By applying the defintions of translational kinetic and gravitational potential energies and work, this expression is now expanded:

$m\cdot g \cdot y_{1} + \frac{1}{2}\cdot m\cdot v_{1}^{2} = m\cdot g \cdot y_{2} + \frac{1}{2}\cdot m\cdot v_{2}^{2} + \mu_{k}\cdot m \cdot g \cdot \cos \theta$

Where:

$m$ - Mass of the crate, measured in kilograms.

$g$ - Gravitational acceleration, measured in meters per square second.
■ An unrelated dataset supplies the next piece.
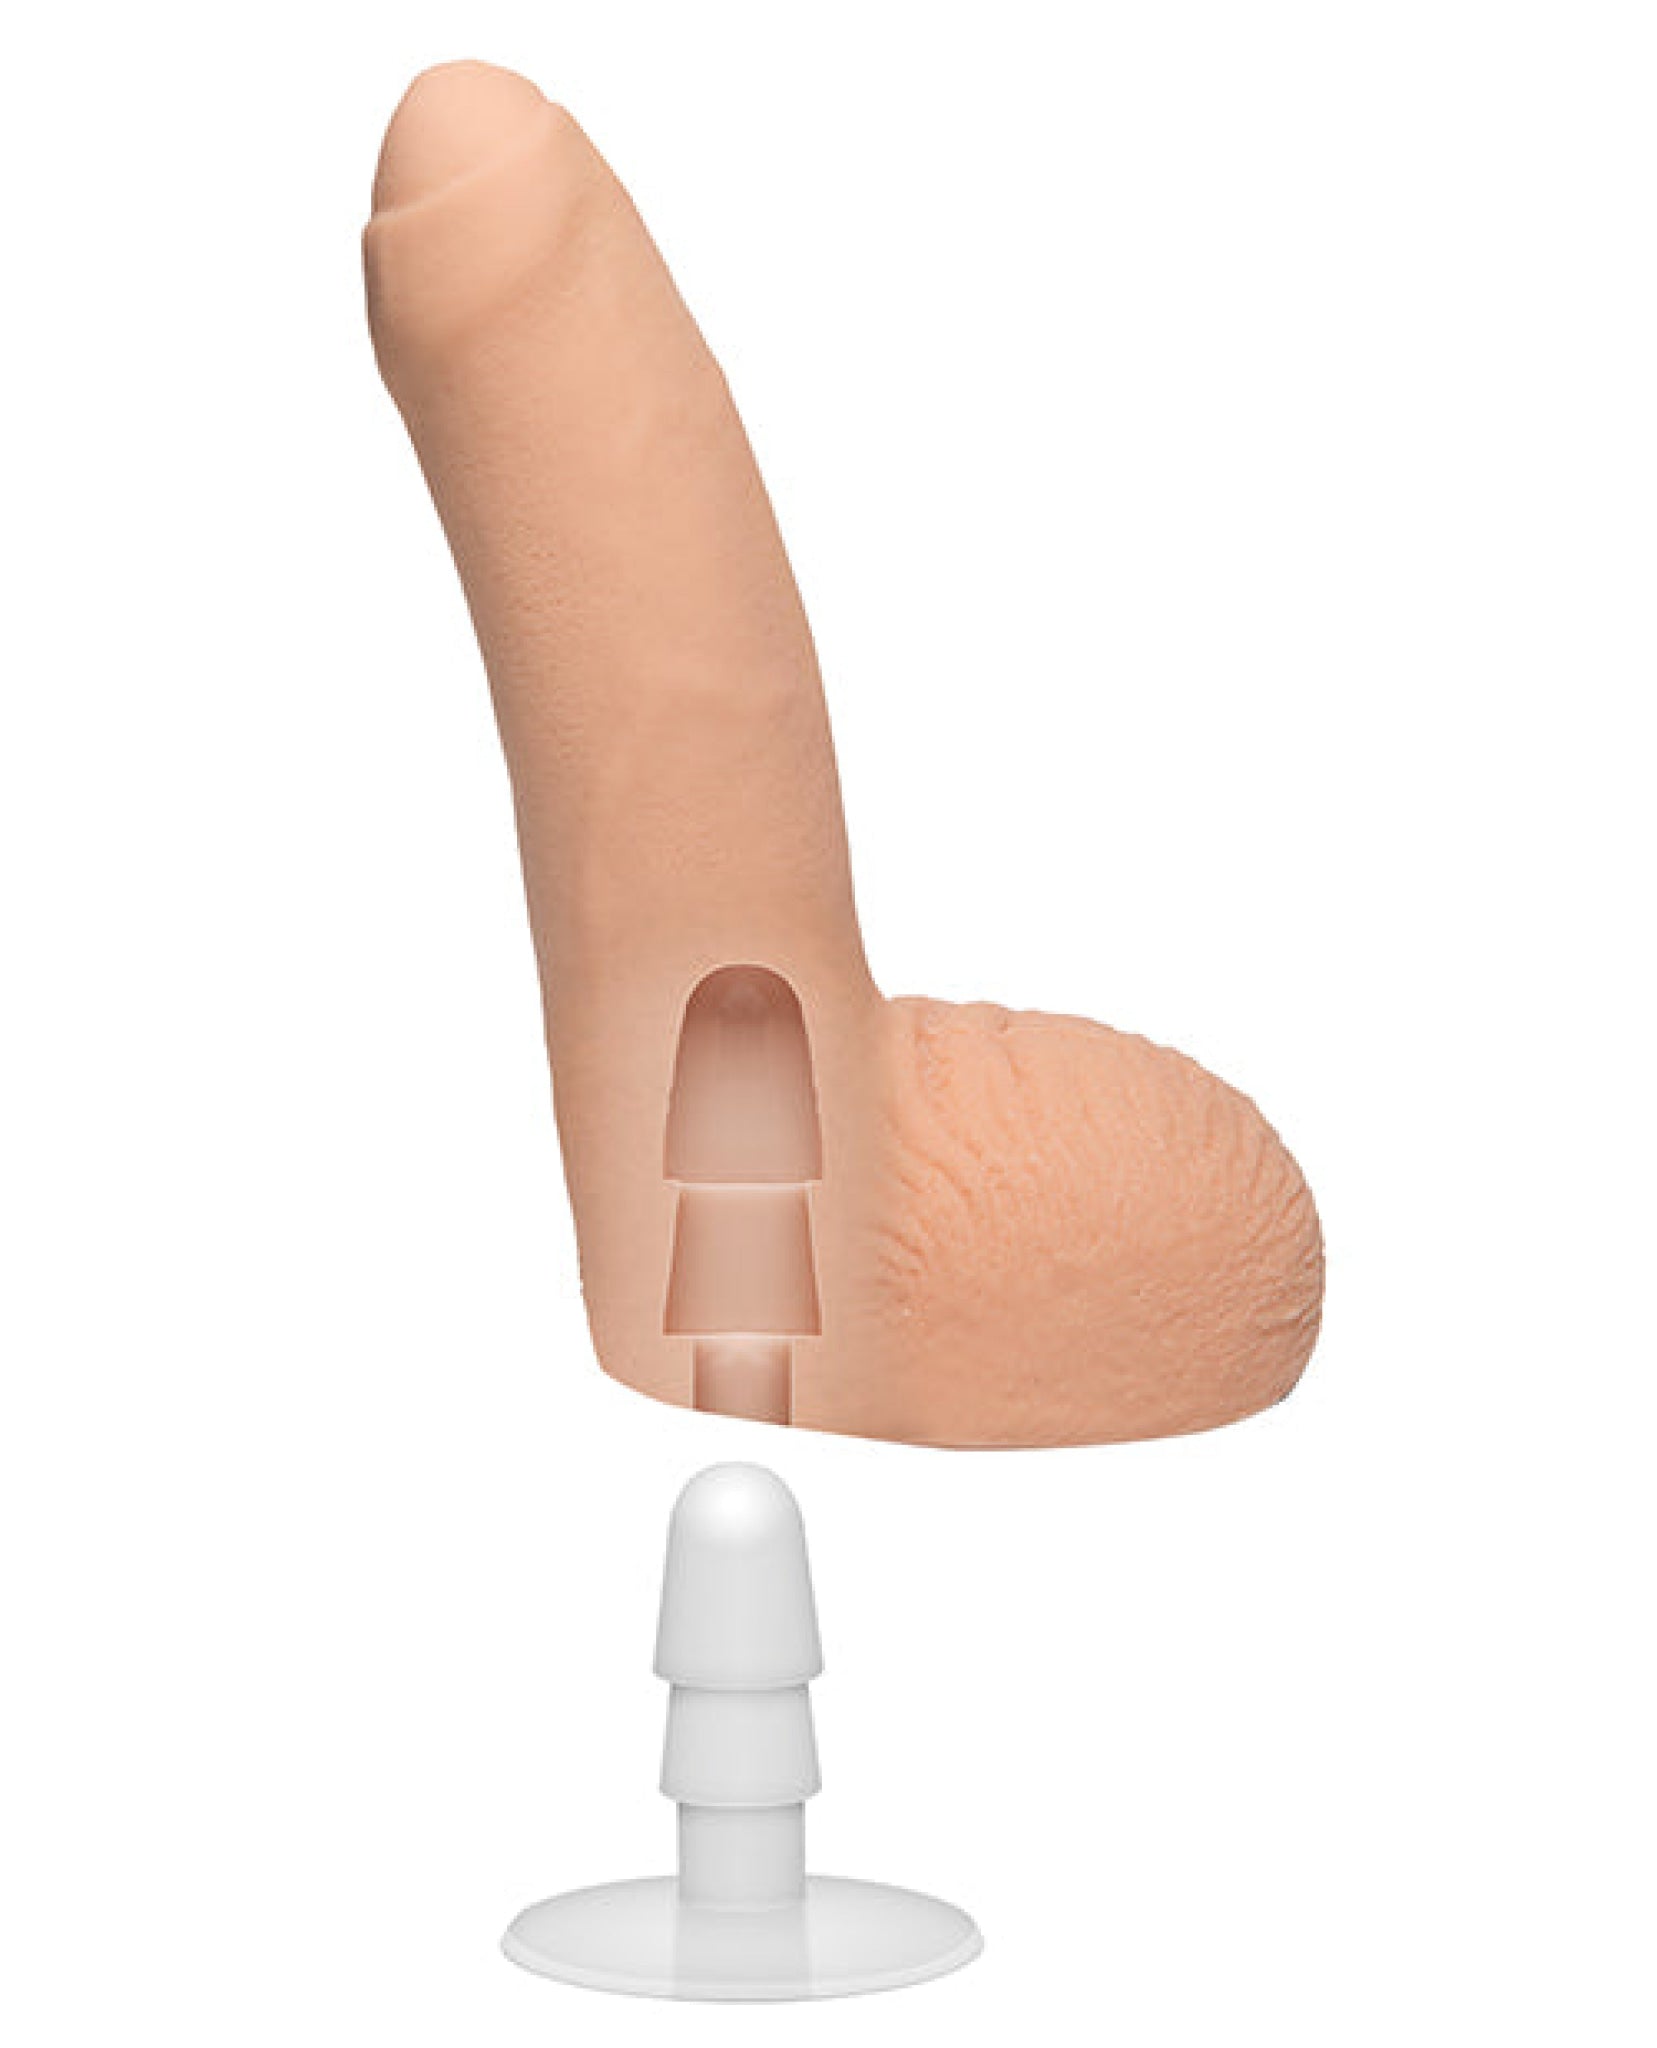 Signature Cocks Ultraskyn 8" Cock W-removeable Vac-u-lock Suction Cup - William Seed Doc Johnson

$y_{1}$ , $y_{2}$ - Initial and final height of the crate, measured in meters.

$v_{1}$ , $v_{2}$ - Initial and final speeds of the crate, measured in meters per second.

$\mu_{k}$ - Kinetic coefficient of friction, dimensionless.

$\theta$ - Ramp inclination, measured in sexagesimal degrees.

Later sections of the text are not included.